On Monday, the U.S. Department of Homeland Security announced that it would reunite four mothers and children who were “cruelly” and “intentionally” separated at the U.S.-Mexico border under the Trump administration.

“We continue to work tirelessly to reunite many more children with their parents in the weeks and months ahead,” said Alejandro Mayorkas, the homeland security secretary. “Our team is dedicated to finding every family and giving them an opportunity to reunite and heal.”

A status report from President Biden’s reunification task force is expected on June 2 and may include plans for reunifying more families. The task force is also in settlement negotiations with the American Civil Liberties Union over its class-action lawsuit seeking relief for separated migrant families.

Lawyers with the A.C.L.U. and Al Otro Lado, a California-based group that provides legal support to migrants, say they had submitted David’s name to the task force to be included in a trial run of some 35 reunifications to happen in the coming weeks.

“We don’t anticipate any issues with the government granting return, but cannot say definitively at the moment,” said Carol Anne Donohoe, David’s lawyer with Al Otro Lado.

But before the government can reunify all families, it must first locate the hundreds who are still missing.

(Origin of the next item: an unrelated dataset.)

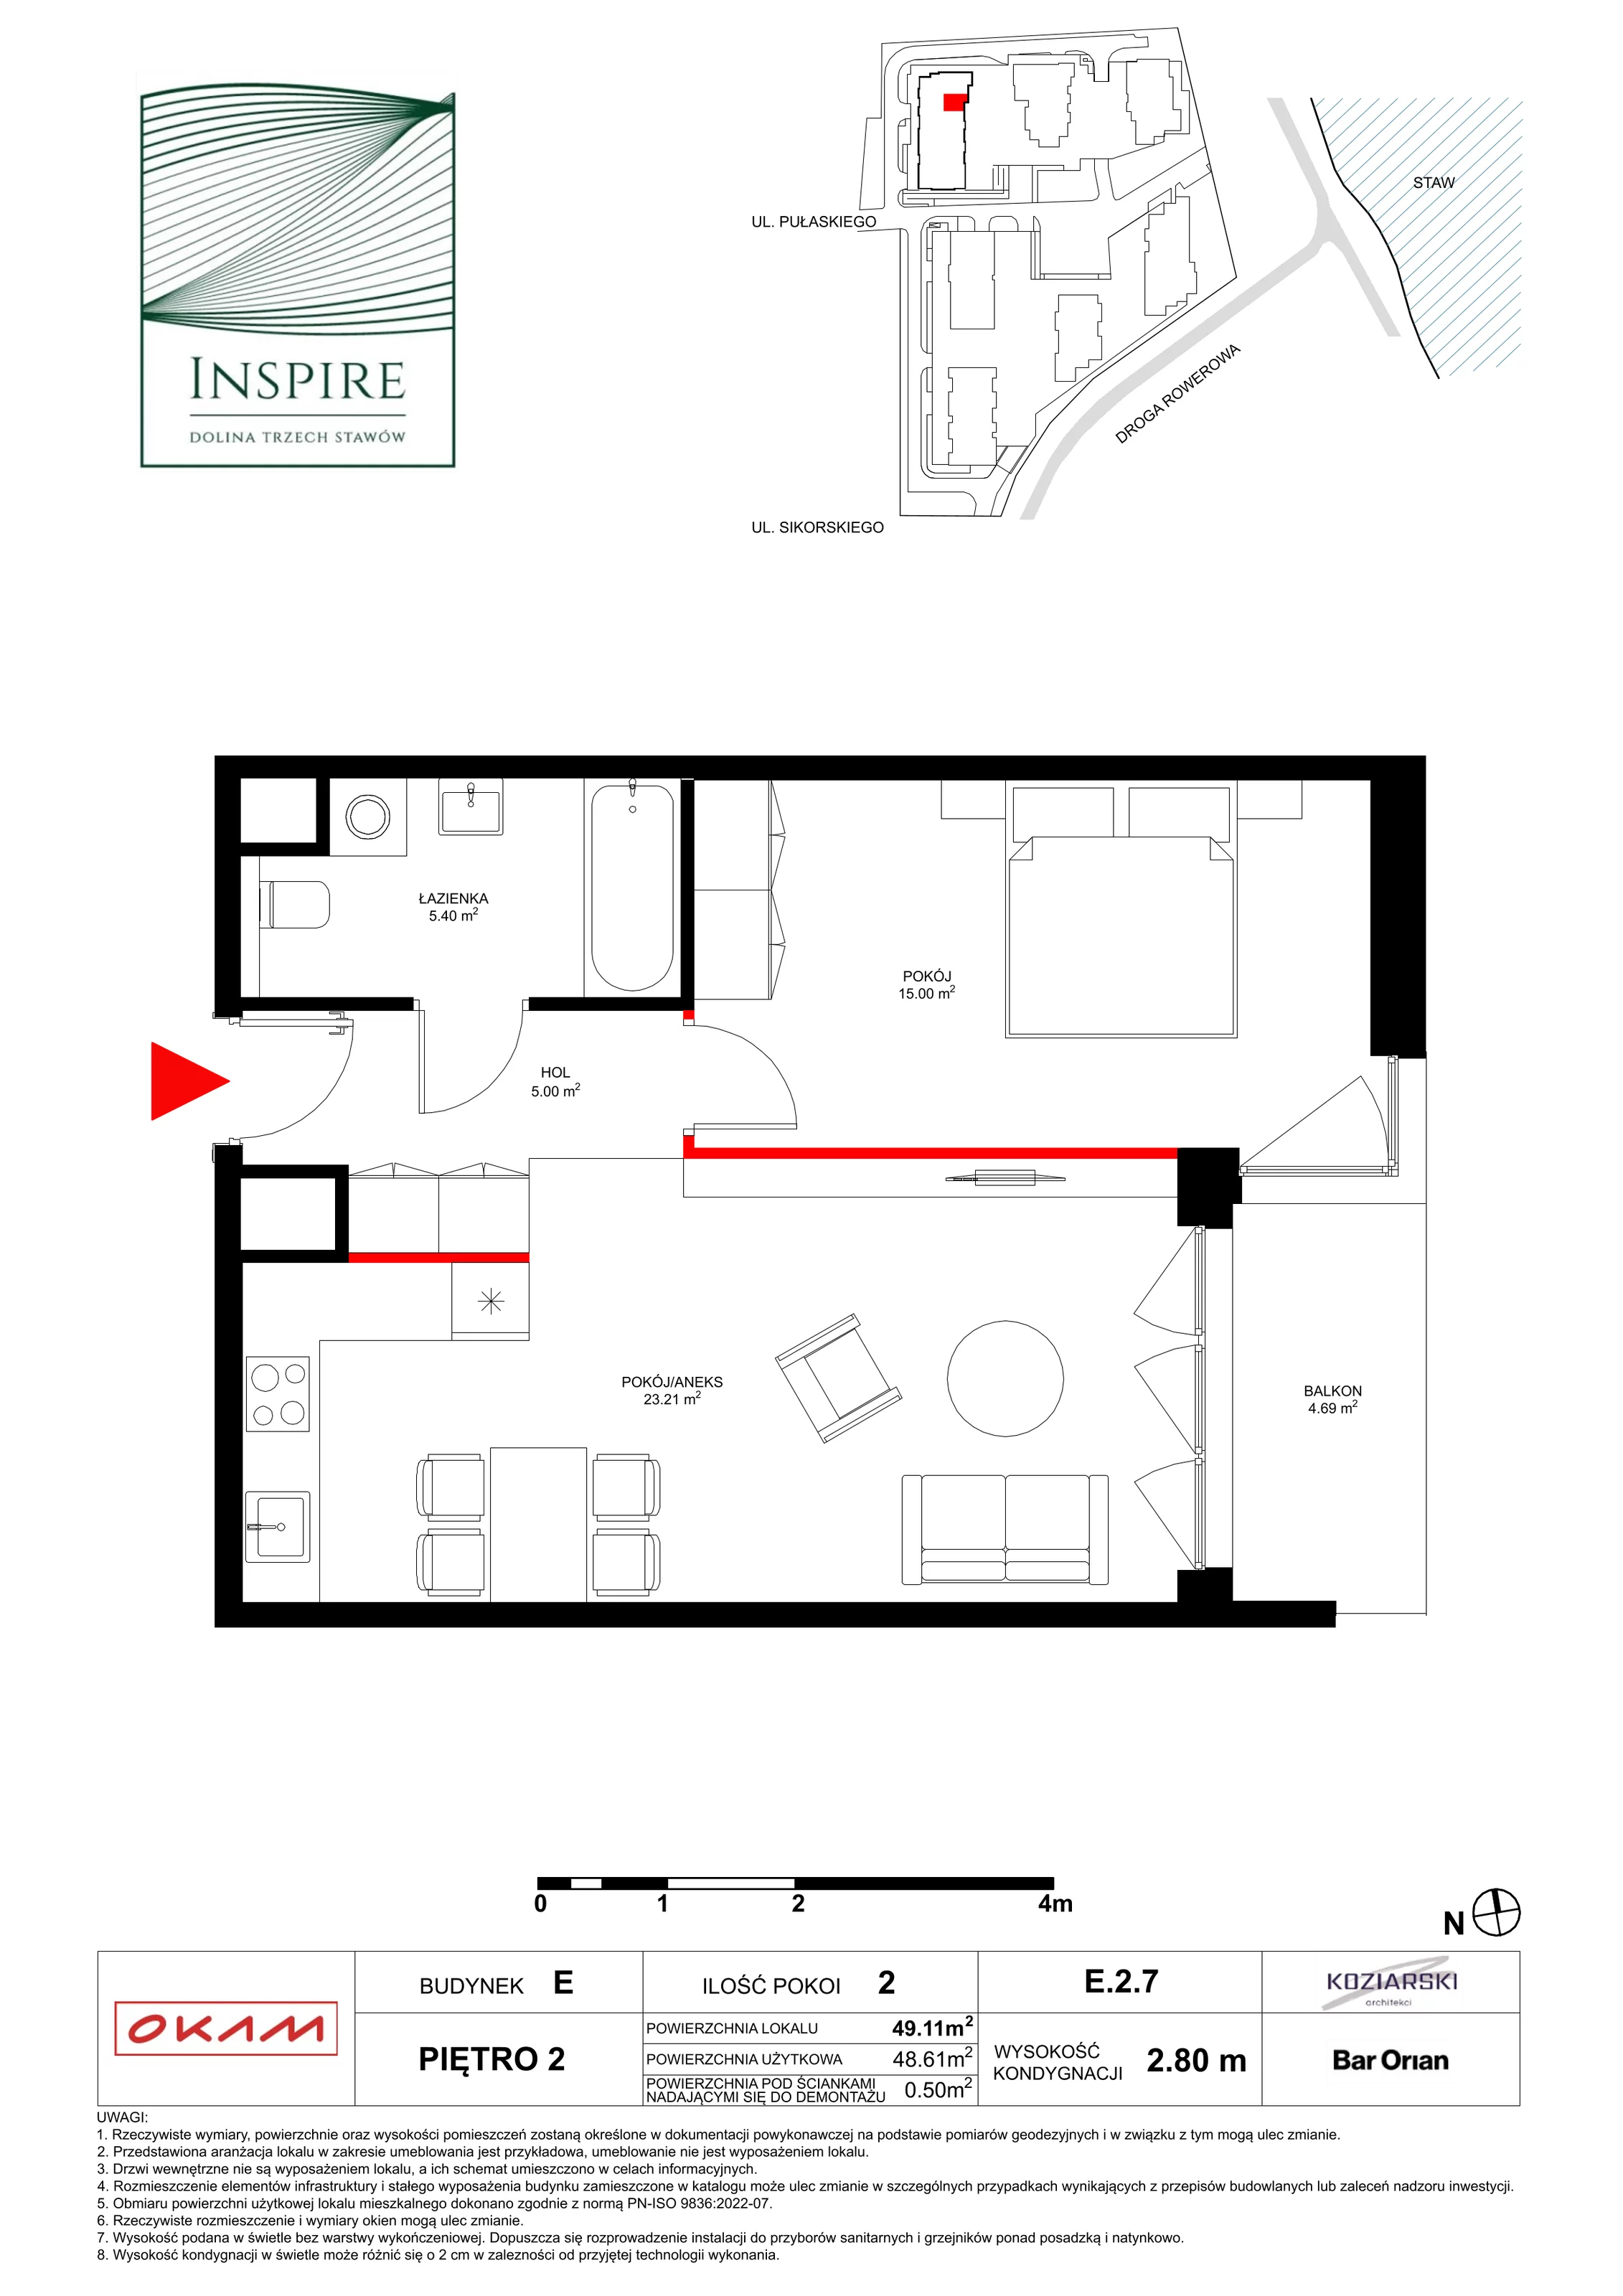 Apartament 48,61 m², piętro 2, oferta nr E.2.7, Inspire, Katowice, Osiedle Paderewskiego-Muchowiec, Dolina Trzech Stawów, ul. gen. Sikorskiego 41

Since 2018, lawyers and migrant advocate groups working in the United States and other countries have searched for parents and children whom the Trump administration did not track after separation.

And many families whose whereabouts were known have since moved or changed phone numbers, compounding the challenge of possible reunification.

Further complicating the task is that most migrants come from Central America, and three countries there — Guatemala, Honduras and El Salvador — have experienced lockdowns during the pandemic, as well as widespread internal displacement from two hurricanes, Eta and Iota.

“We must find every last family and will not stop until we do,” said Lee Gelernt, the lead attorney for immigrant rights at the A.C.L.U.

But the process has been “extremely difficult and slow,” he said, adding that “many of the parents can only be found through on-the-ground searches.”

During a visit to a small Guatemalan town, a Times reporter learned of three parents who said they were forcibly separated from their children by U.S. border officials in 2018 and then deported. Two had already made the perilous return trip to the U.S., spending $15,000 on a journey to reunite with their children in Florida.

“They returned for the kids, because they were left alone there,” said Eusevia Quiñónez, whose husband, Juan Bernardo, left with his older brother for Fort Lauderdale, Fla., on Jan. 8. “Thank God, they arrived OK.”

Another father, Melvin Jacinto, was contacted by KIND, a children’s defense group, more than a year ago, but he doubts they will be able to help him. He again wants to try to enter the United States to reunite with his son, Rosendo, in Minneapolis and to find work to support his family. He said talking on the phone with his son, who turned 18 last month and from whom he has been separated for three years, is emotionally difficult for him. He can’t help but cry.

“It’s like I’m traumatized or something,” Mr. Jacinto said. “I’m not good. I don’t sleep, not at all.”

Psychologists working with separated families say that family reunification is just one step in the healing process, and that the parents have as much need for mental health counseling as the children. Many parents blame themselves for the separation, and after reunification the children, too, often blame the parents.

David, who has suffered from stress-induced gastritis and other health complications since the separation, said he had also considered hiring a smuggler to get back to the U.S. to reunite with Adelso.

“I need to see my son,” he said. “And he needs me.”